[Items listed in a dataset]
——————————

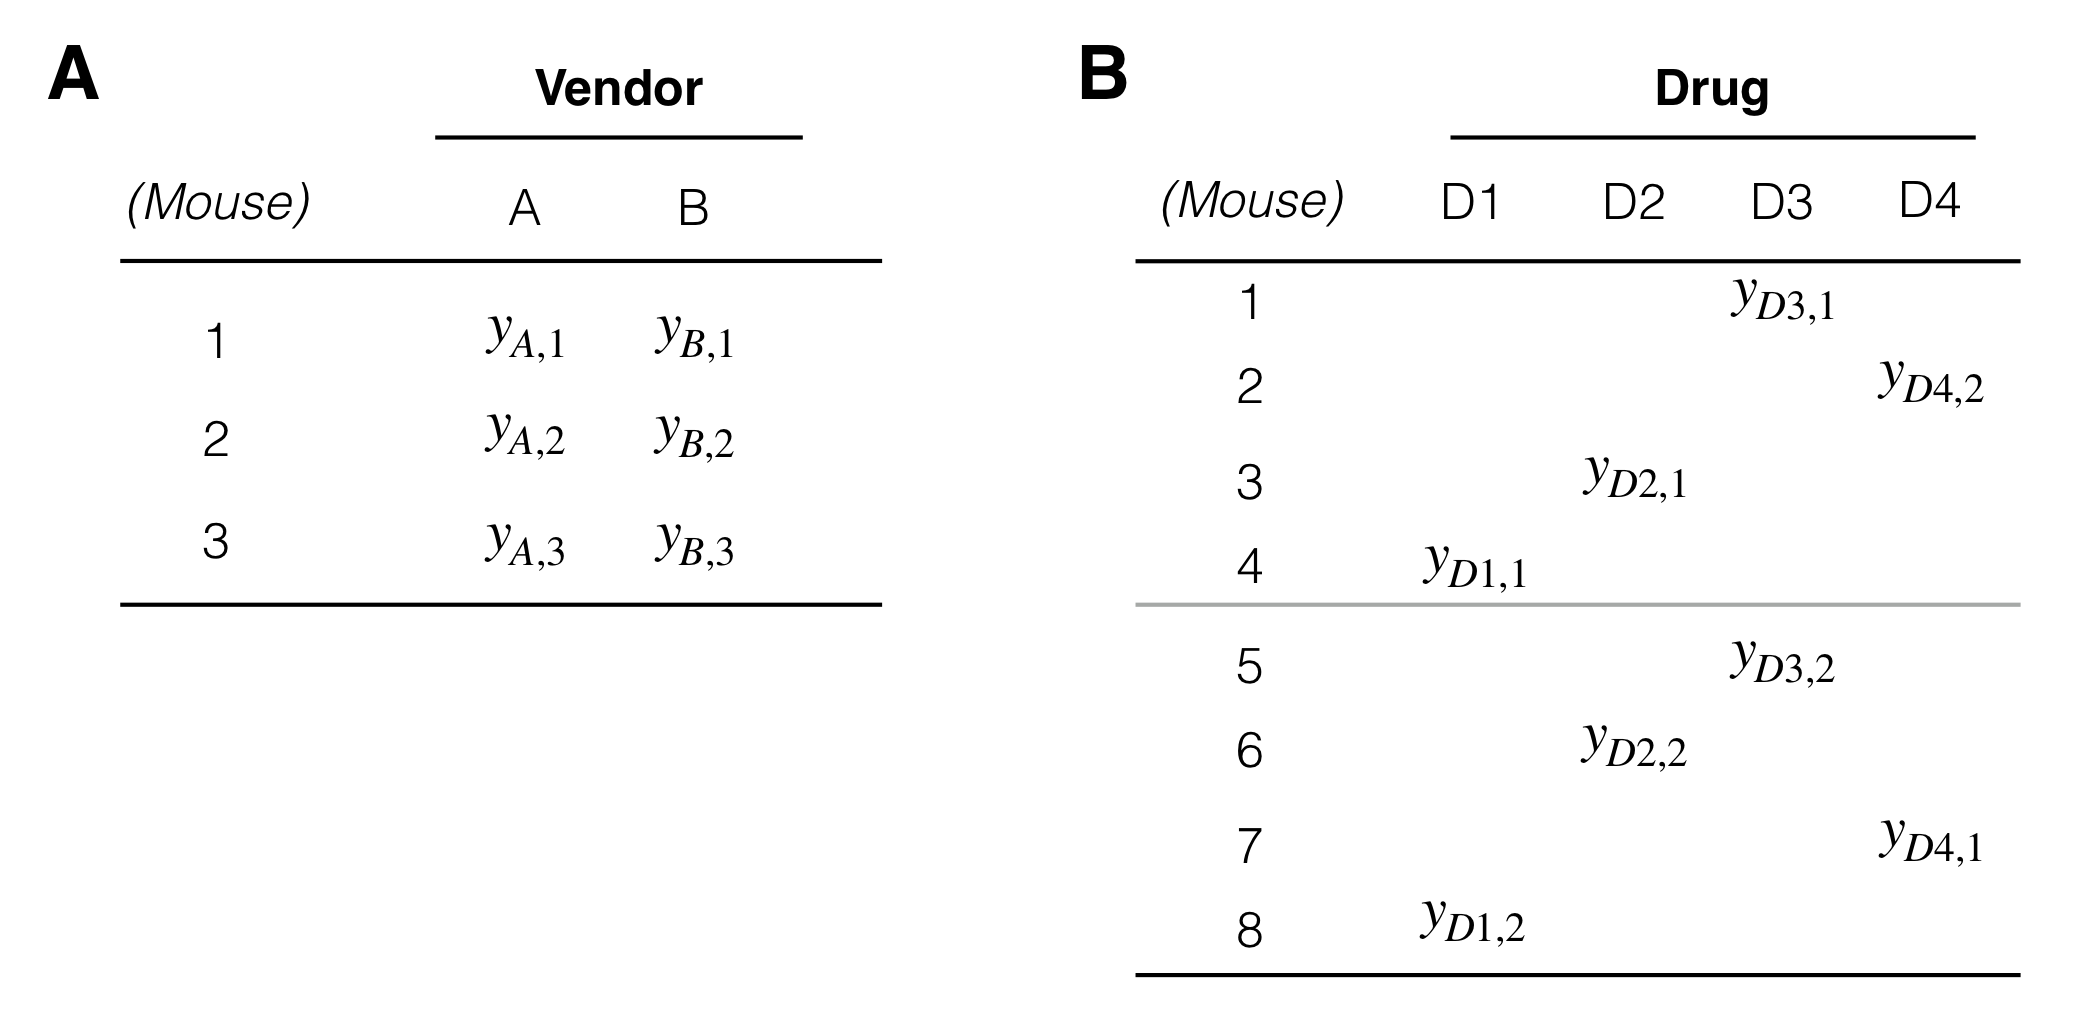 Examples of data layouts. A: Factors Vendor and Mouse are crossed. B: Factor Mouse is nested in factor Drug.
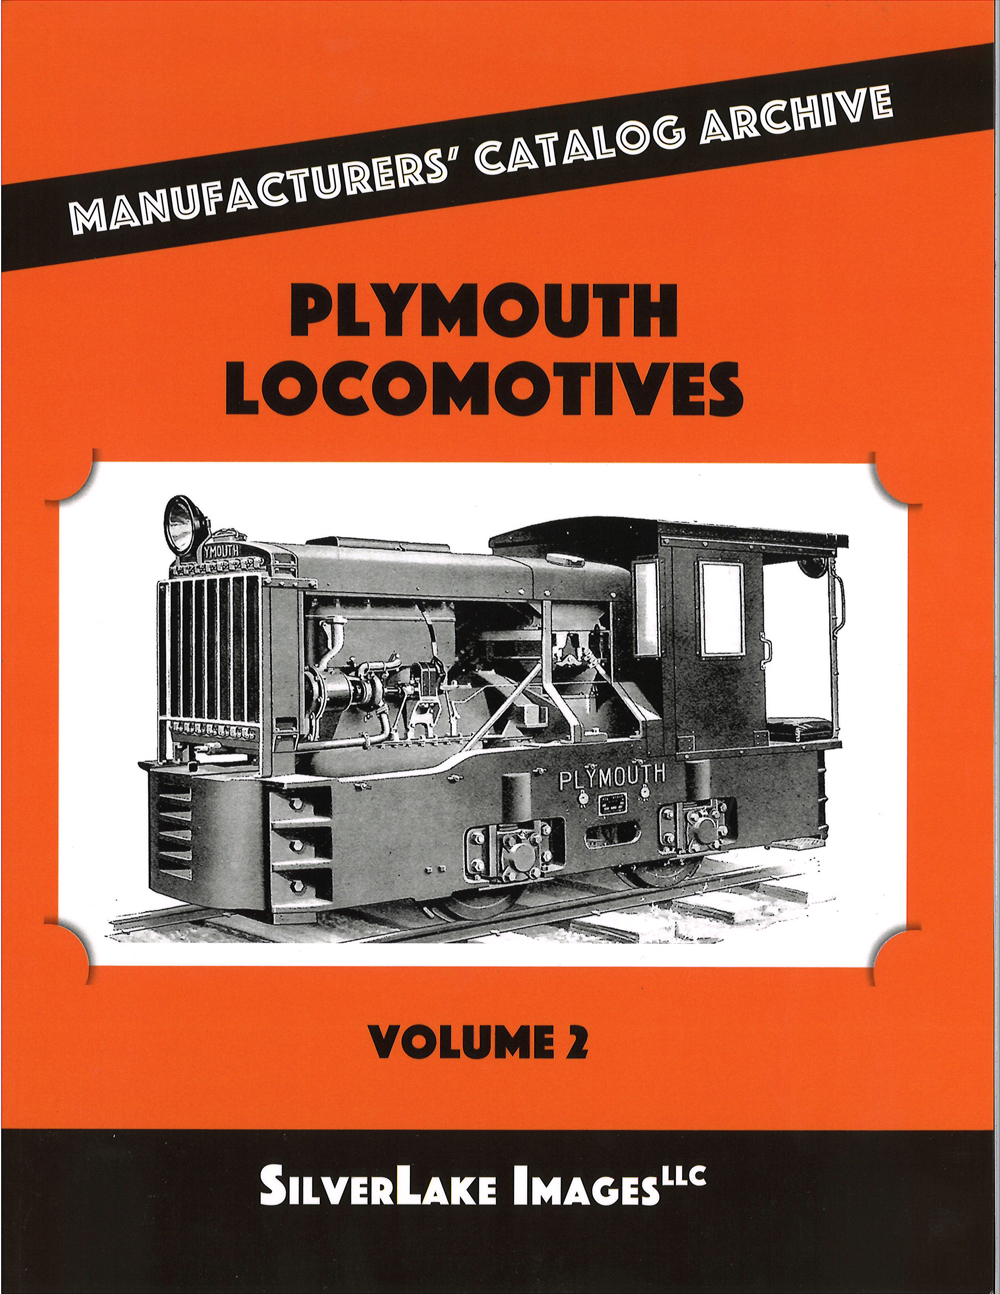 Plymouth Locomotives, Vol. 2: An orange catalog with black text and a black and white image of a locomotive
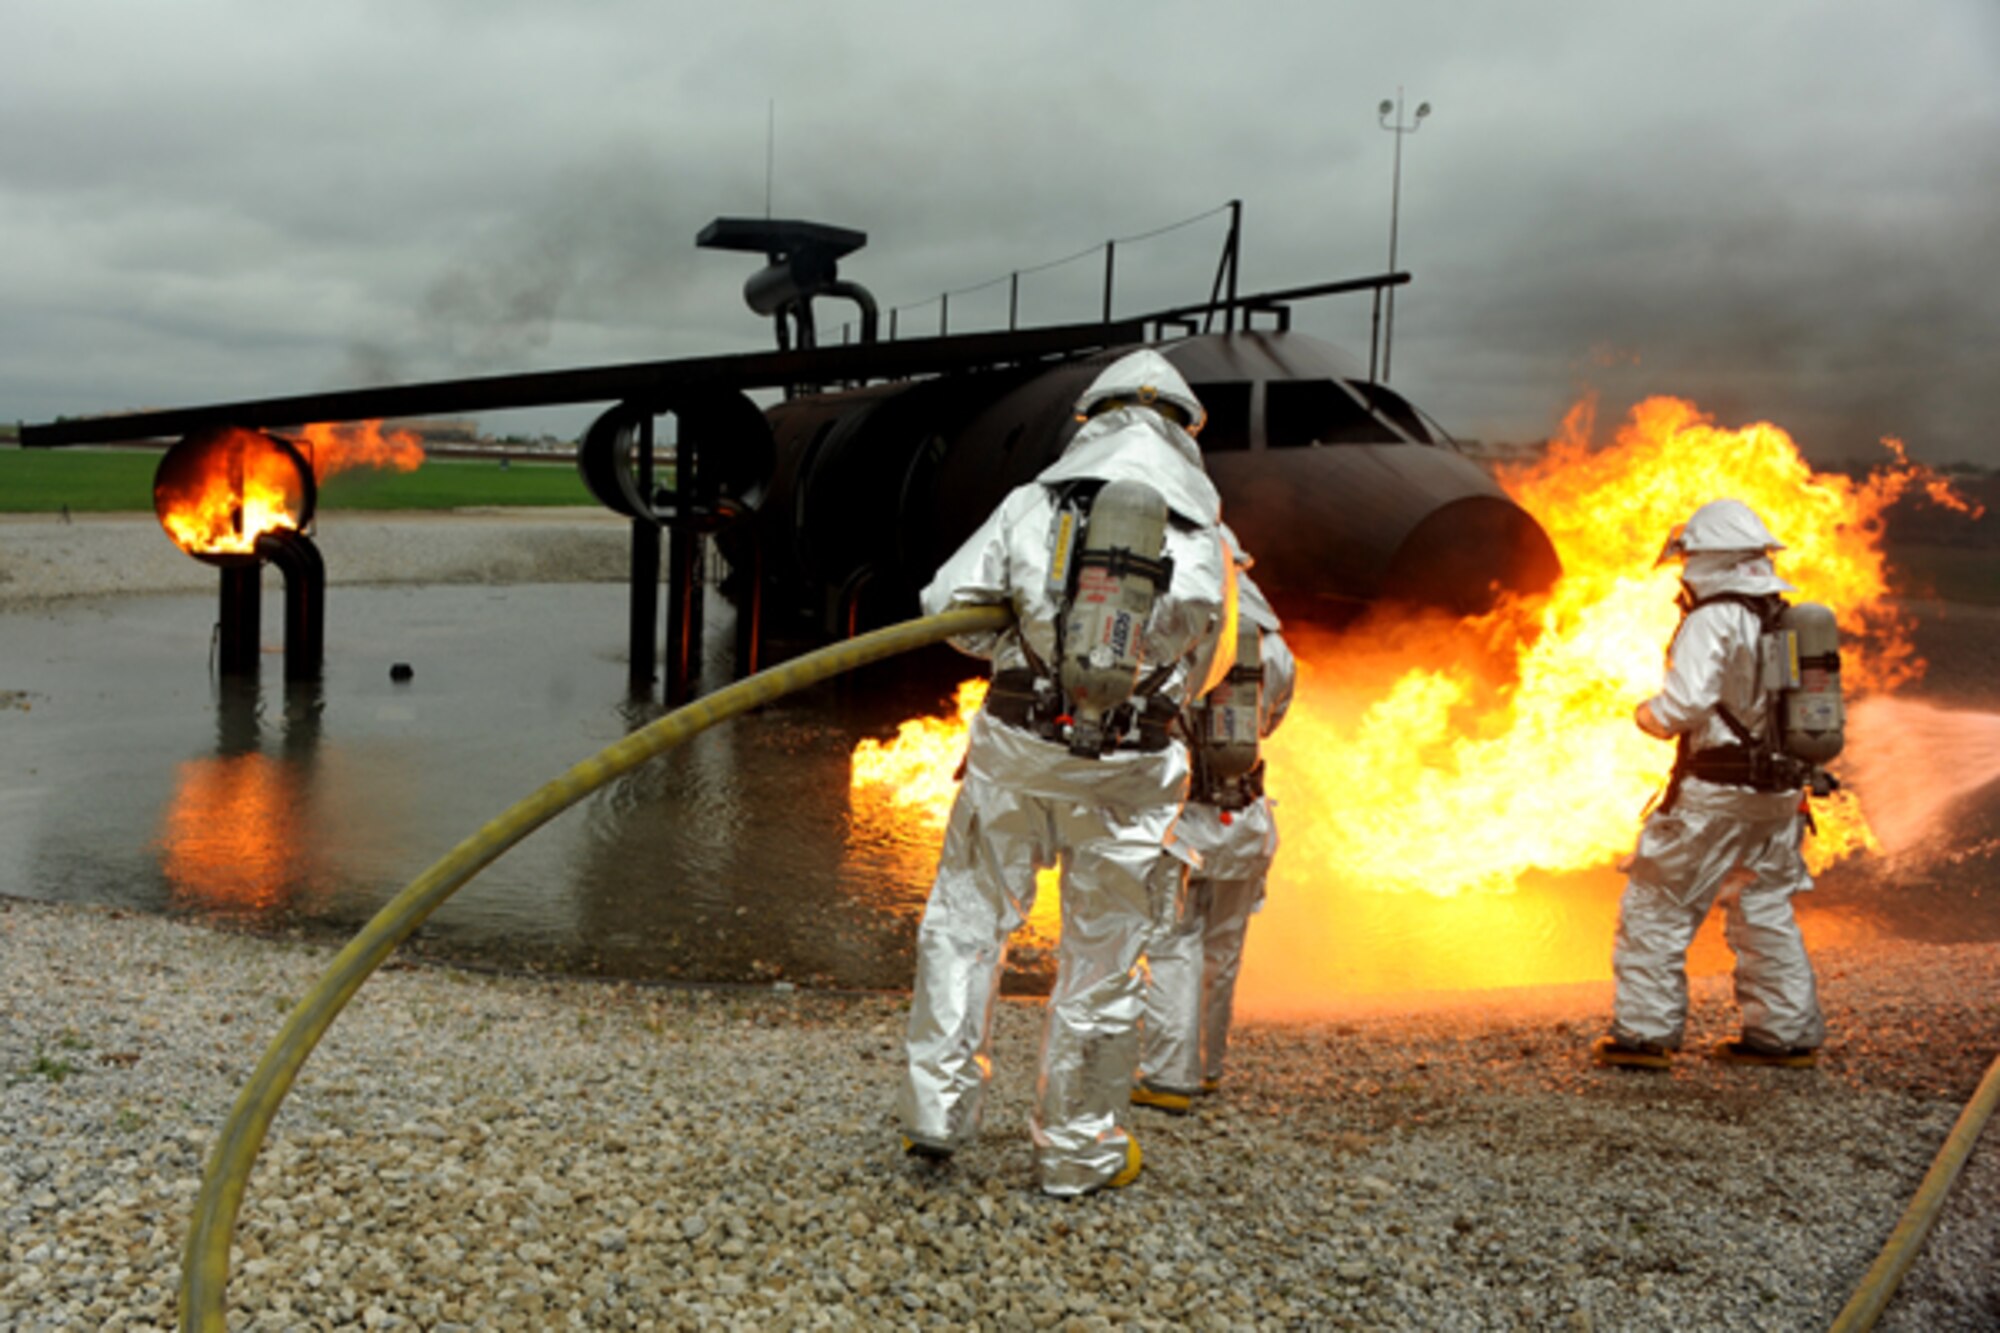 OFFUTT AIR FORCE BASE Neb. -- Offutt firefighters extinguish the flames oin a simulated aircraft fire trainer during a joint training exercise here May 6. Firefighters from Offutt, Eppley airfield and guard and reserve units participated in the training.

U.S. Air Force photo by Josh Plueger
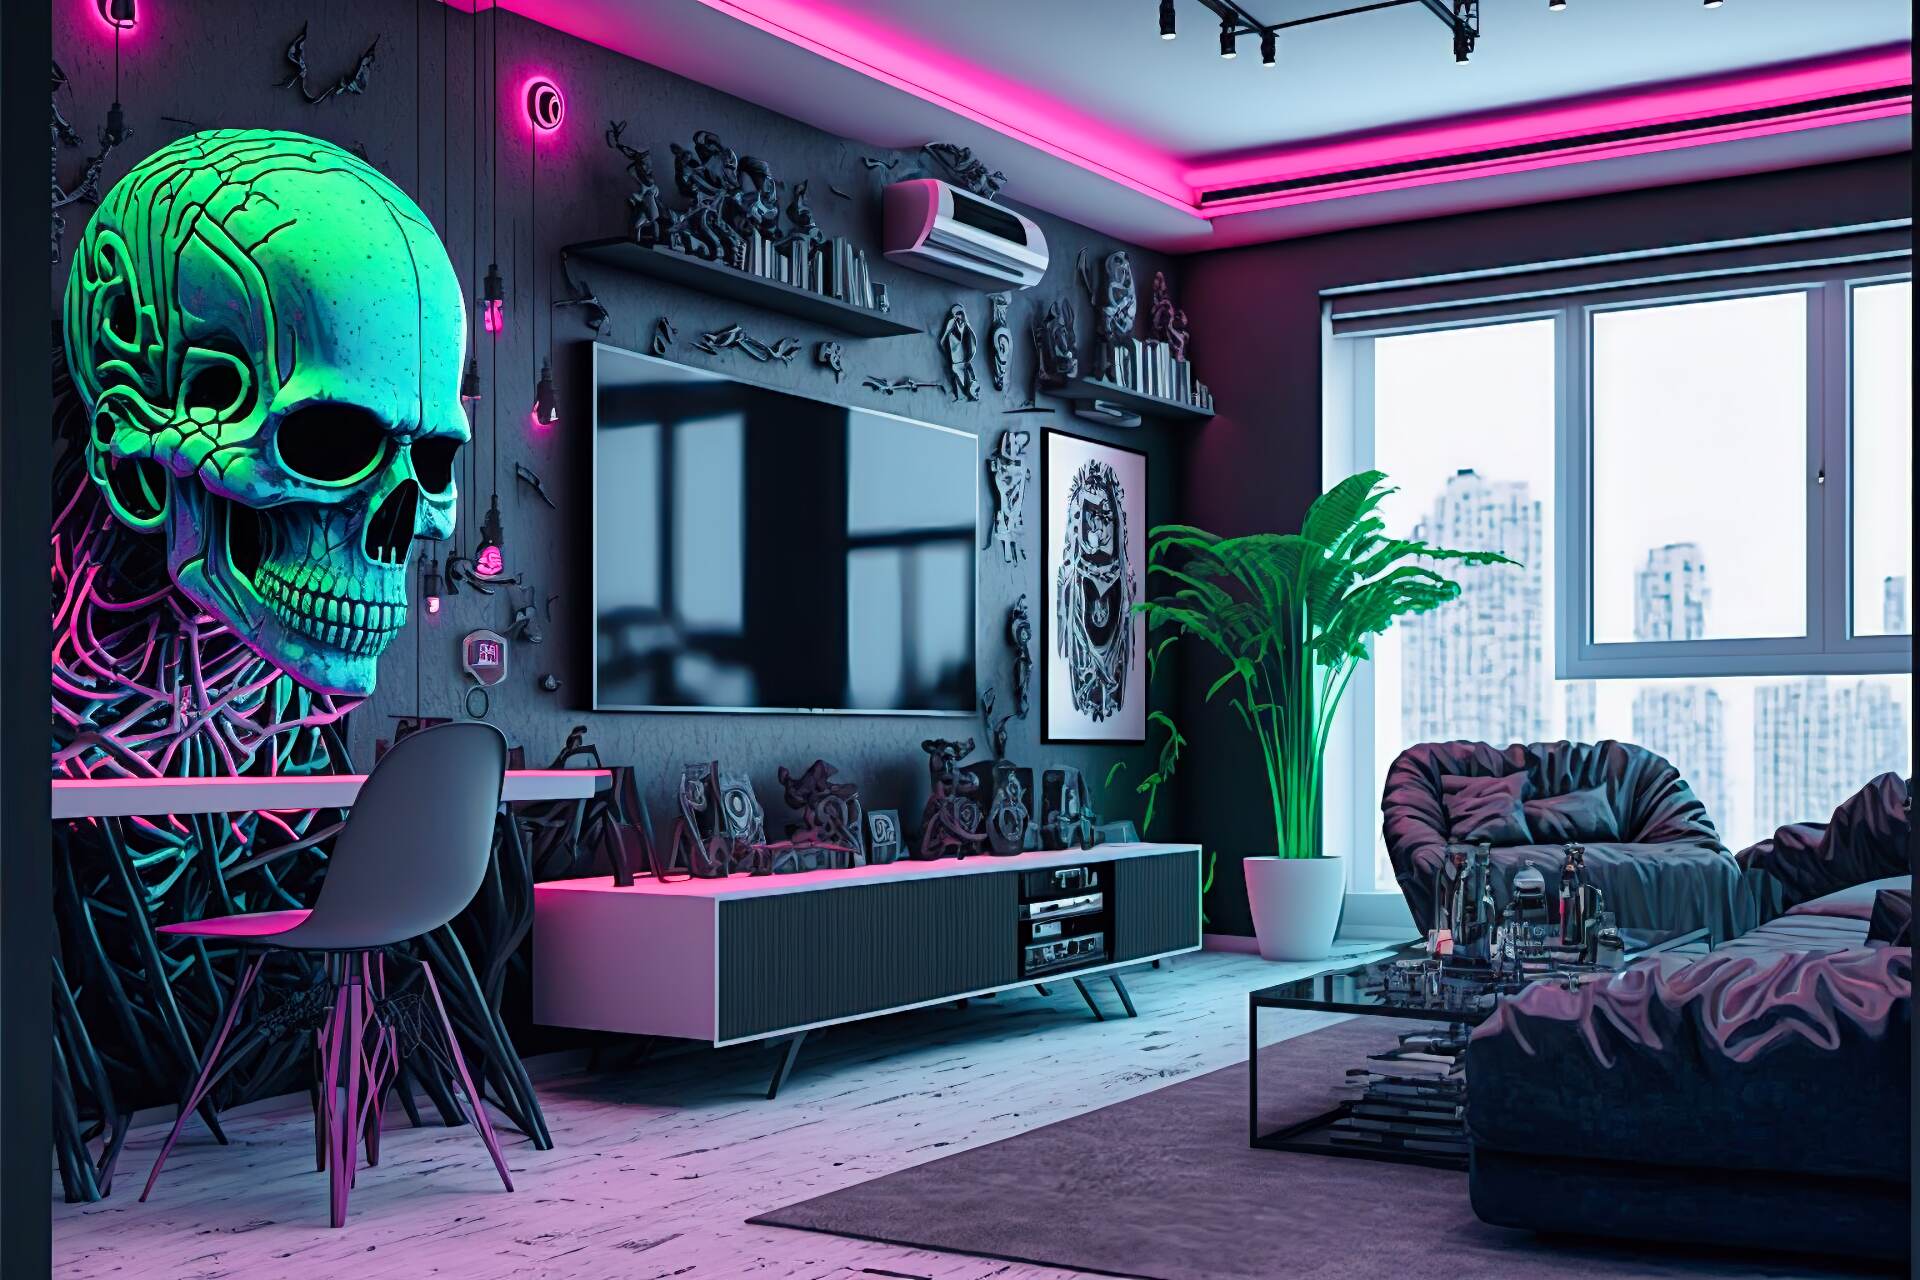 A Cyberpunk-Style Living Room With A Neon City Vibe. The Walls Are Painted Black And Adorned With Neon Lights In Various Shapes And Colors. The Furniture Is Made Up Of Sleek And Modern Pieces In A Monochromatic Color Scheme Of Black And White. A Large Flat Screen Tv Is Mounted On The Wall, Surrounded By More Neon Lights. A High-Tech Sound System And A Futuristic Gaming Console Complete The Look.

——————————

## Work to be completed
Your output should be only the lines from the line with "U.S. Air Force photo by Josh Plueger" through the end of the data, exactly as they stand, and no pictures.

## Answer for the task
U.S. Air Force photo by Josh Plueger
 A Cyberpunk-Style Living Room With A Neon City Vibe. The Walls Are Painted Black And Adorned With Neon Lights In Various Shapes And Colors. The Furniture Is Made Up Of Sleek And Modern Pieces In A Monochromatic Color Scheme Of Black And White. A Large Flat Screen Tv Is Mounted On The Wall, Surrounded By More Neon Lights. A High-Tech Sound System And A Futuristic Gaming Console Complete The Look.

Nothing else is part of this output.